主な論文・総説
- Mais Maree, Yuri Ushijima, Pedro B Fernandes, Masato Higashide, Kazuya Morkawa. SCCmec transformation requires living donor cells in mixed biofilms. Biofilm 7, 100184. 2024. open access
- Kouhei Mizuno, Mais Maree, Toshihiko Nagamura, Akihiro Koga, Satoru Hirayama, Soichi Furukawa, Kenji Tanaka, Kazuya Morikawa. Novel multicellular prokaryote discovered next to an underground stream. eLife 11:e71920. 2022. open access
- Mais Maree, Le Thuy Thi Nguyen, Ryosuke L. Ohniwa, Masato Higashide, Tarek Msadek, Kazuya Morikawa. Natural transformation allows transfer of SCCmec-mediated methicillin resistance in Staphylococcus aureus biofilm. Nat Commun 13,2477. 2022. open access プレスリリース
- Vishal Gor, Ryosuke L. Ohniwa, and Kazuya Morikawa*. No Change, No Life? What We Know about Phase Variation in Staphylococcus aureus. Microorganisms 9, 244. 2021. open access
- Kazuya Morikawa*, Yuri Ushijima, Ryosuke L. Ohniwa, Masatoshi Miyakoshi and Kunio Takeyasu*. What happens in the staphylococcal nucleoid under oxidative stress? Microorganisms 7, 631. 2019. open access
- Morikawa K, Ohniwa RL, Ohta T, Tanaka Y, Takeyasu K, Msadek T. Adaptation beyond the Stress Response: Cell Structure Dynamics and Population Heterogeneity in Staphylococcus aureus. Microbes Environ 25(2):75-82. Review. 2010. pubmed
メチシリン耐性遺伝子を運んでいる「動く遺伝子」であるカセット染色体(SCCmec)が自然形質転換で伝達する際に、ドナー側が生きている必要があることがわかりました。なぜドナーが生きている必要があるか、は今後の課題の一つです。
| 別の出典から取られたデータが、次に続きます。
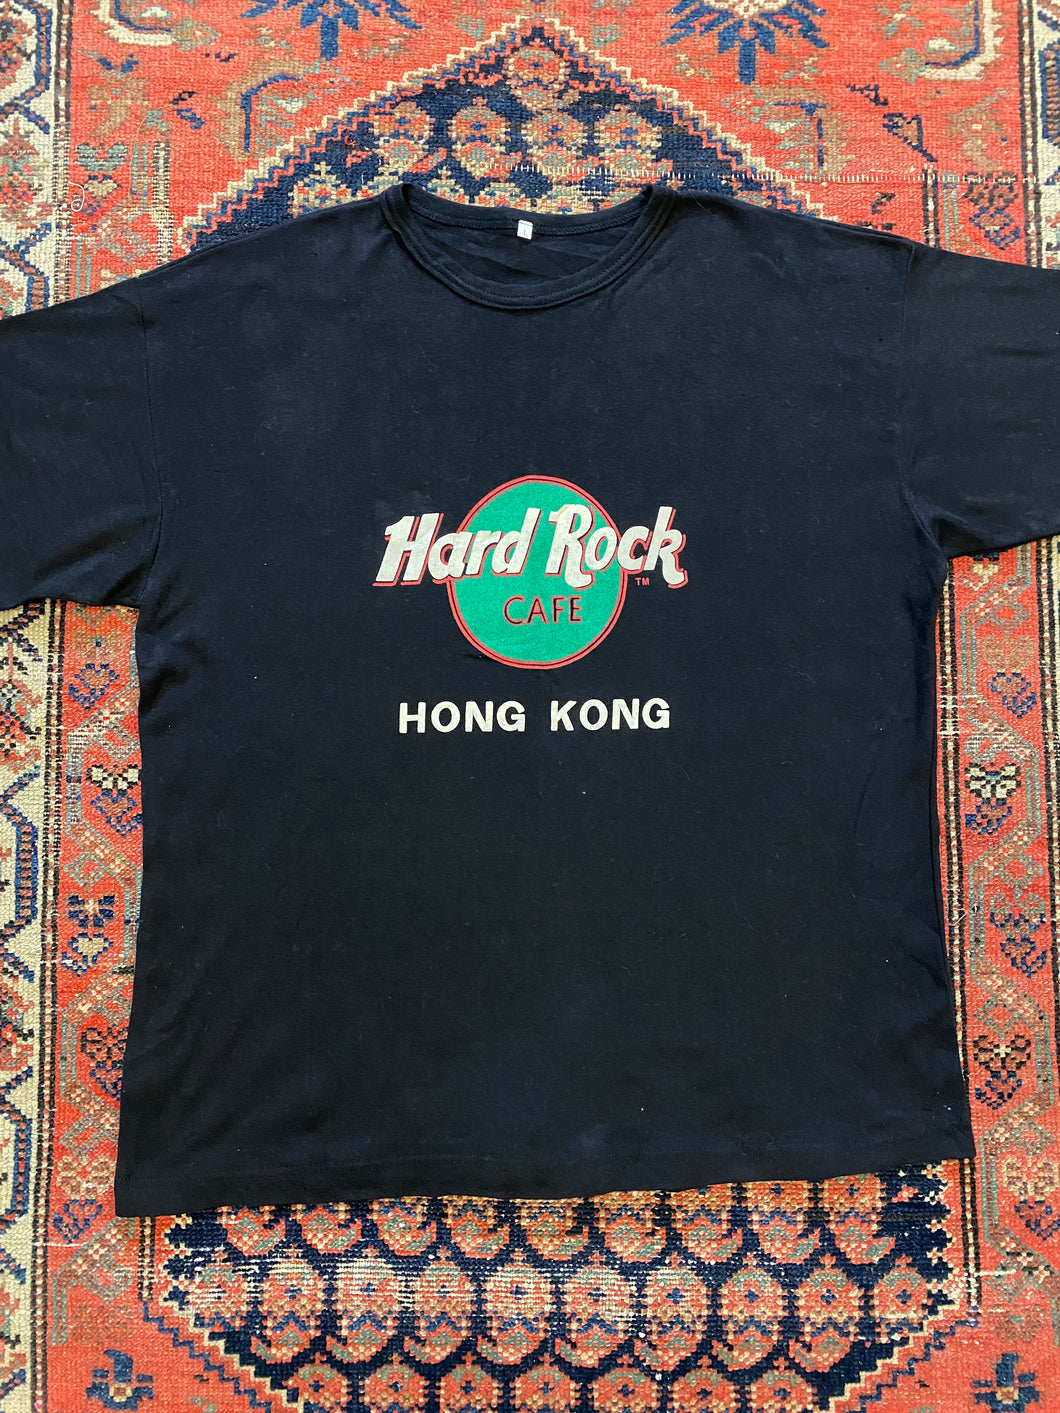 Vintage Hard Rock Cafe t shirt - L

新規な多細胞性の細菌についての共同研究です。この細菌は光を通すと虹色に見えるコロニーを作り、その内部に形態が異なる細胞を溜め込み、水流に触れると内部の細胞だけが放出されます。まるで胞子嚢のような振る舞いです。この発見に基づいて、「単細胞が多細胞に移行する際にどのように選択圧が働き遺伝的性質として固定されるのか」という謎に対する重要な意味を議論しています。
バイオフィルム内でSCCmecが自然形質転換で伝達することを示しました。SCCmecの伝達方法はMRSAの出現以来半世紀に渡って未解明でしたが、その一つの方法を確かな証拠に基づいて示すことが出来ました。この研究は、2003年 Genes Cells, 2012年PLoS Pathogenに続く研究で、約20年かった困難な研究でした。
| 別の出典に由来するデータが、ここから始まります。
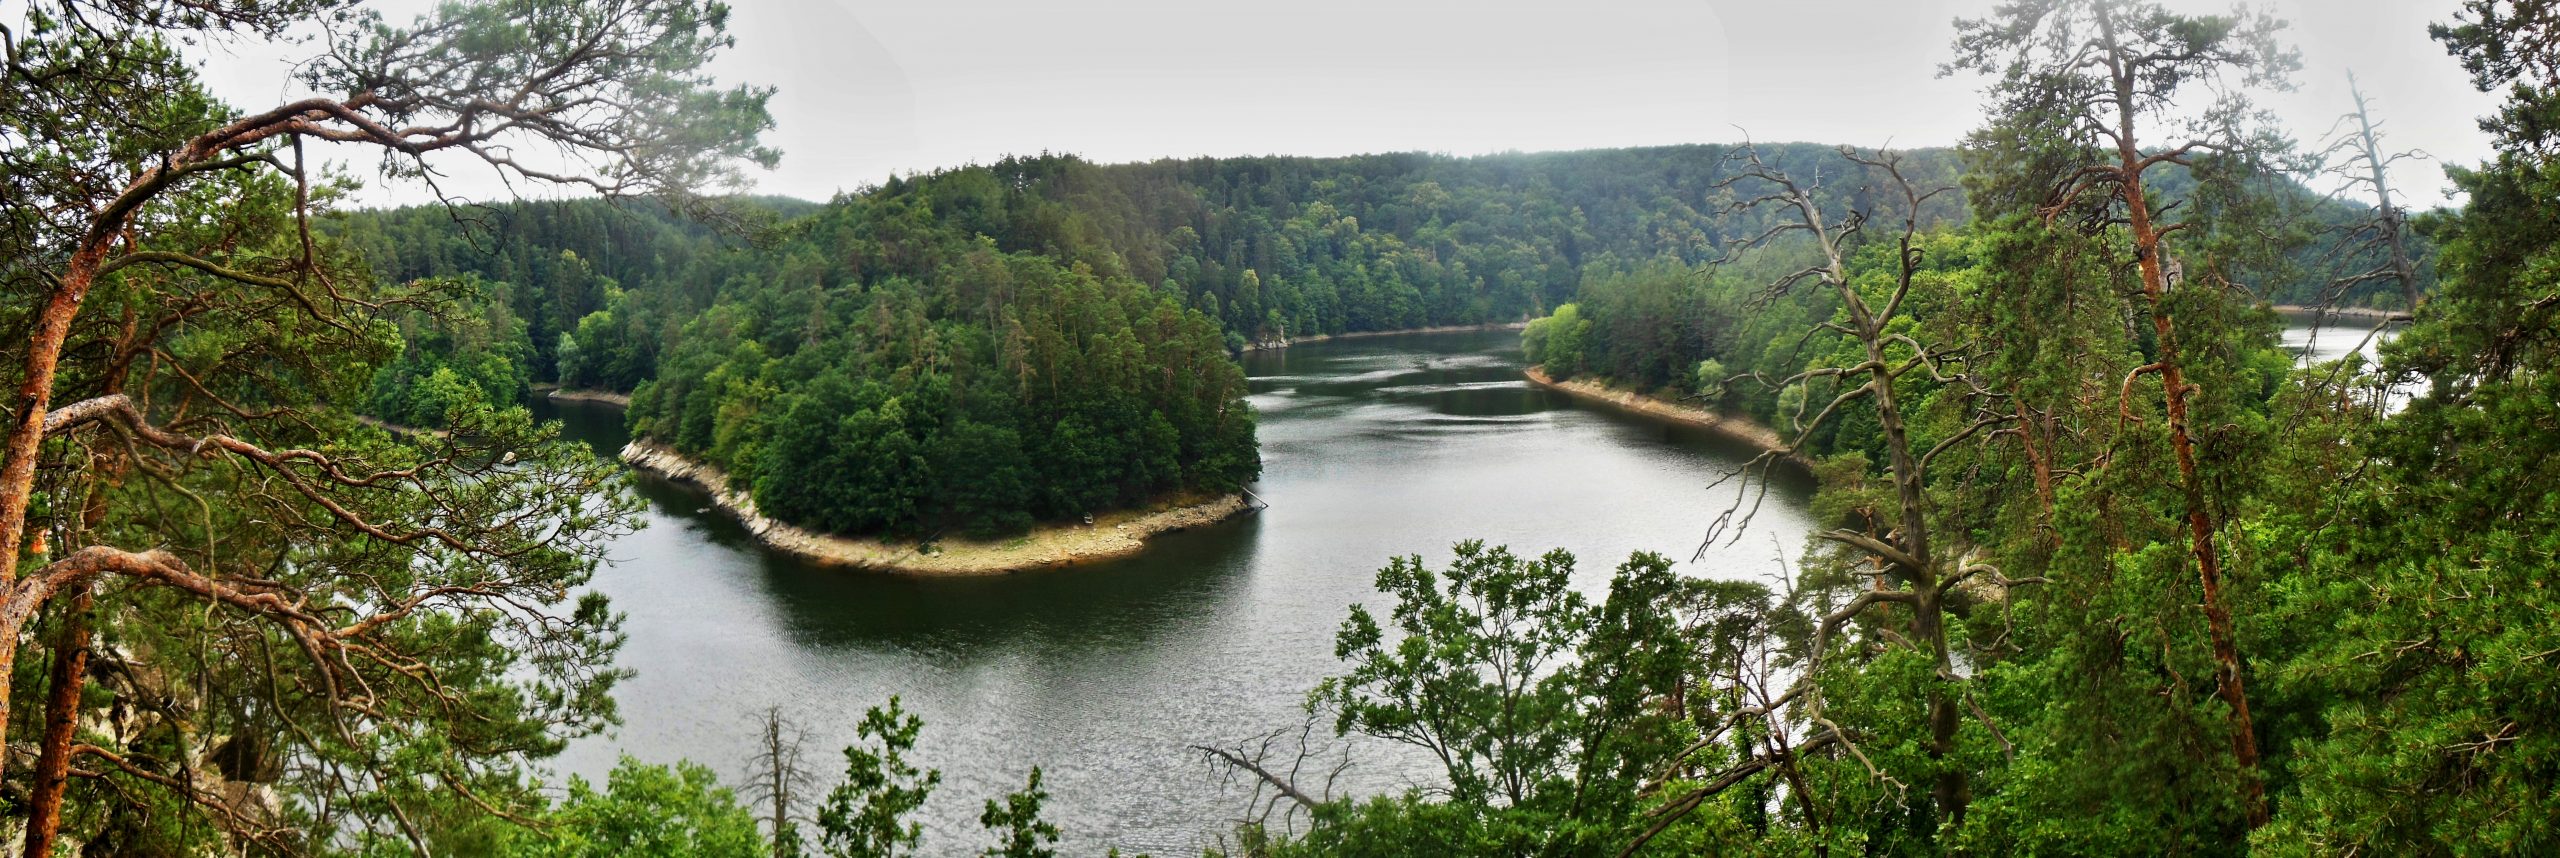 Kozlovský ostrůvek a Dalešická přehrada

相変異(Phase variation)は、高頻度に切り替わる可逆的な遺伝子発現スイッチ(の結果として生じる表現型の変換)としてよく知られた現象です。 相変異は遺伝的またはエピジェネティックなメカニズムで生じ、感染した宿主内での適応戦略や、バクテリオファージ(細菌に感染するウイルス)からの感染に対する戦略によく見られます。このレビューでは、細菌のPVを生成するメカニズムを概説し、黄色ブドウ球菌における相変異の初期および最近の発見(我々が見出したAgr相変異や、SigHの相変異様メカニズムを含む)をまとめました。また、PVはもっと様々な遺伝子で起こっている可能性があることについても述べています。
日和見病原体としての黄色ブドウ球菌の成功は、様々なストレスや宿主の殺菌因子に対処する能力によるところが大きい。活性酸素種は、貪食(ファゴサイトーシス)された病原体を不活化する宿主の重要な武器ですが、黄色ブドウ球菌はファゴソームで生き残り、貪食細胞から抜け出して感染を成立させることができます(これが慢性的感染、または再発の原因の一つとして考えられます)。このレビューは、酸化ストレス下のブドウ球菌核様体の動態に関する我々の一連の研究を解説しています。原子間力顕微鏡と分子遺伝学的解析により、MrgAというタンパク質(Dpsファミリータンパク質)が酸化ストレスに応答して発現し、核様体を通常のファイバー状から凝集状態に変換することが明らかになりました。これは、大腸菌が定常期にDpsによって凝集させる核様体とは機能的および物理的に全く異なる状態であることがわかりました。さらに、ブドウ球菌のライフサイクルにおける核様体凝集の新しい役割として「ゲノム複製起点周辺の遺伝子発現制御」の可能性を提案しています。
細胞構造のダイナミクスや集団不均一性の研究からブドウ球菌の重要な特性の理解を進めてきた経緯と展望をまとめました。当研究室の基本的な考え方となっています。